- To do -
Retype, exactly and completely, the listing that comes next, skipping its images.
[Opening Supplied information section]
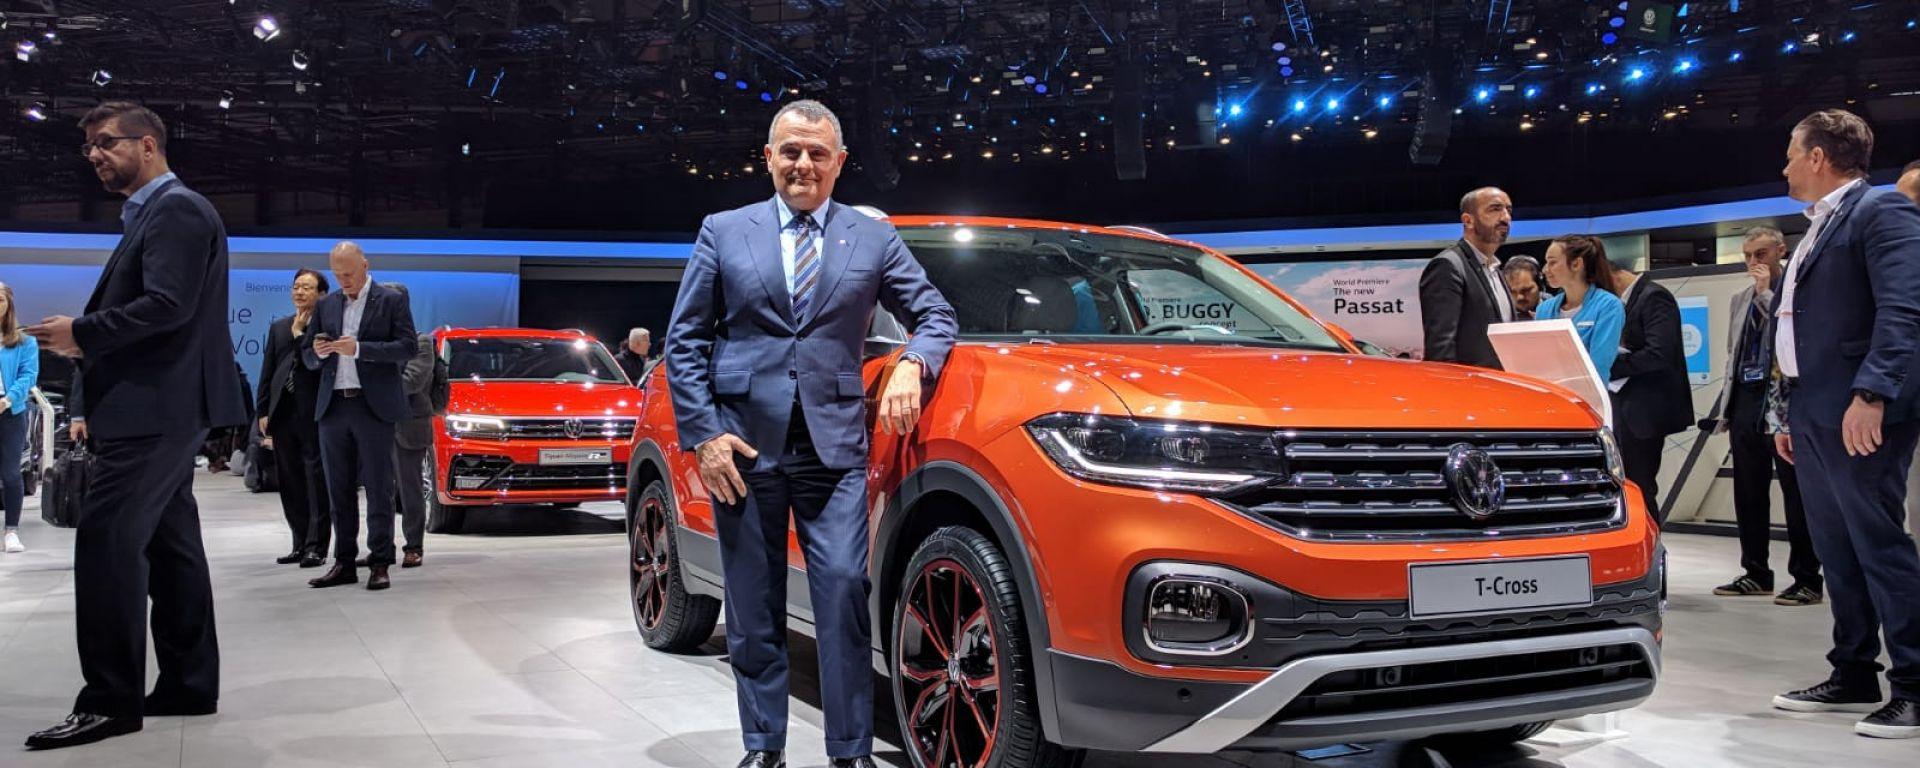 Salone di Ginevra 2019, le novità allo stand Volkswagen
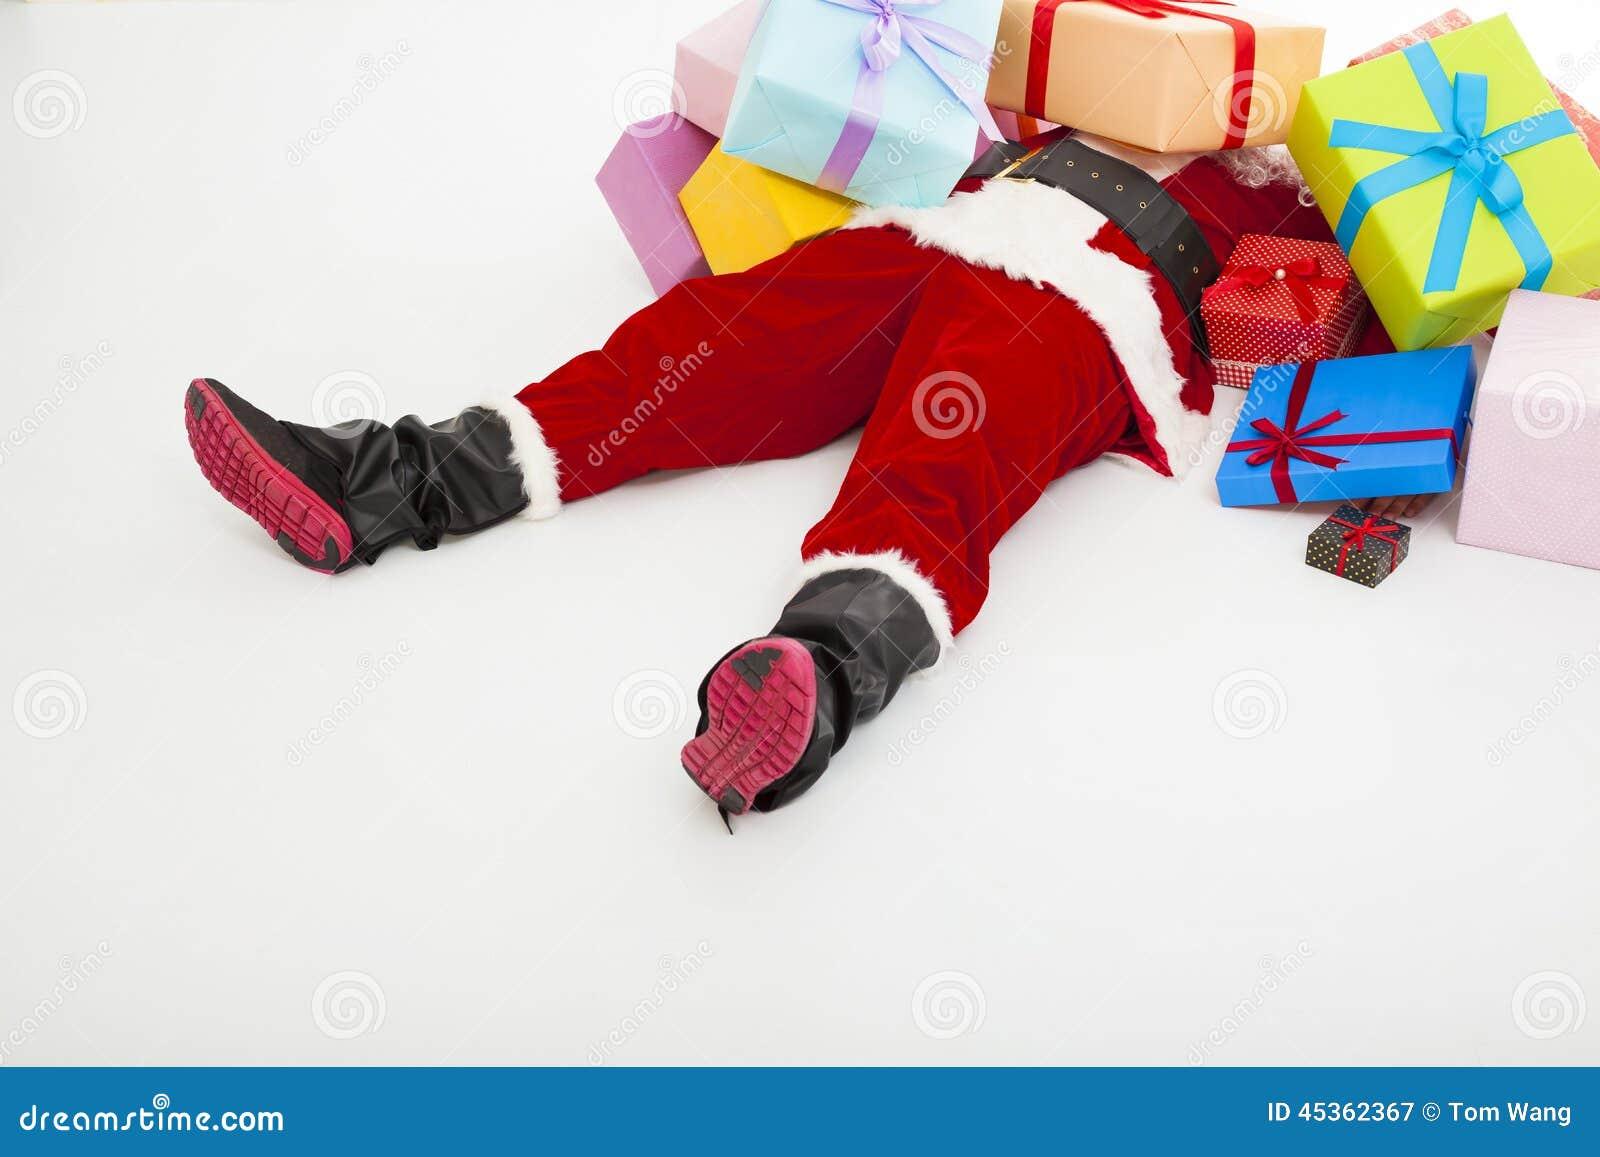 Le père noël a aussi fatigué pour se trouver sur le plancher avec beaucoup de boîte-cadeau
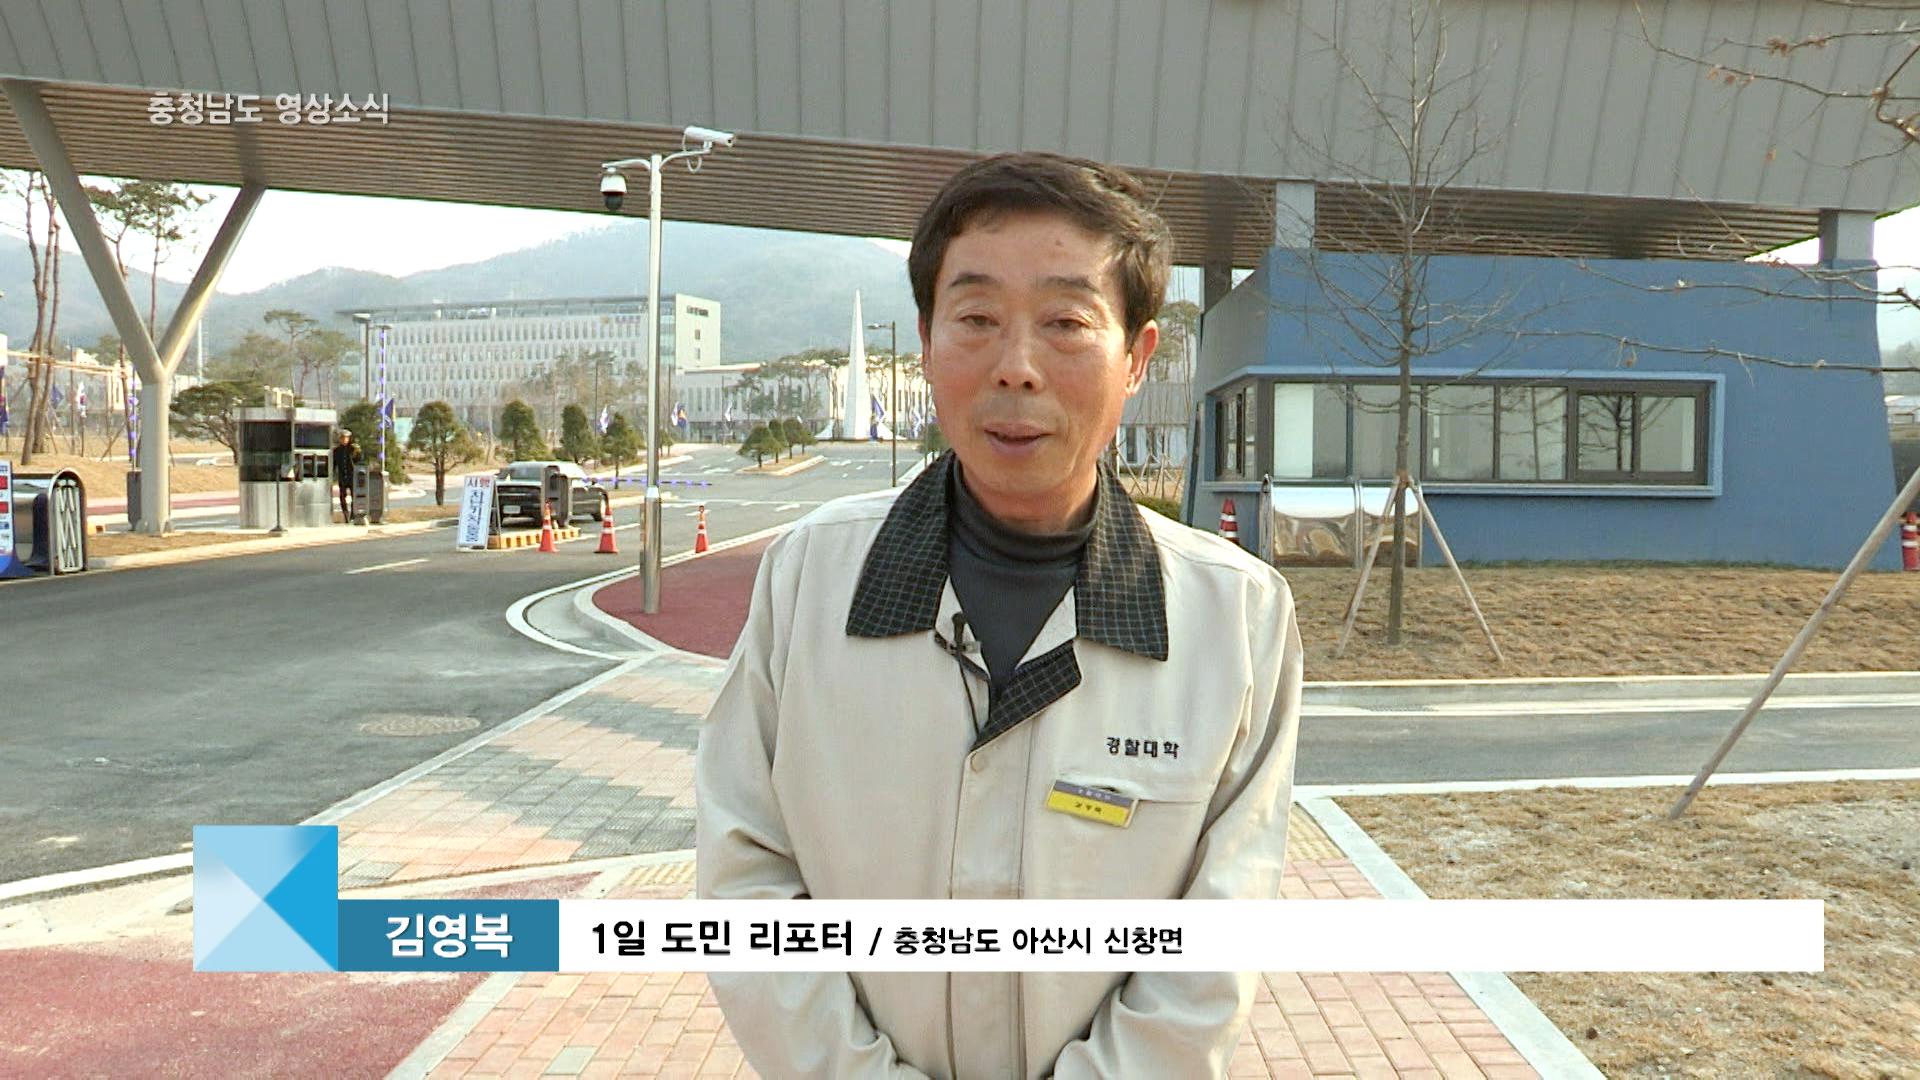 [종합]충청남도 영상소식 12회
[Closing Supplied information section]
- Task answer -
 Salone di Ginevra 2019, le novità allo stand Volkswagen
 Le père noël a aussi fatigué pour se trouver sur le plancher avec beaucoup de boîte-cadeau
 [종합]충청남도 영상소식 12회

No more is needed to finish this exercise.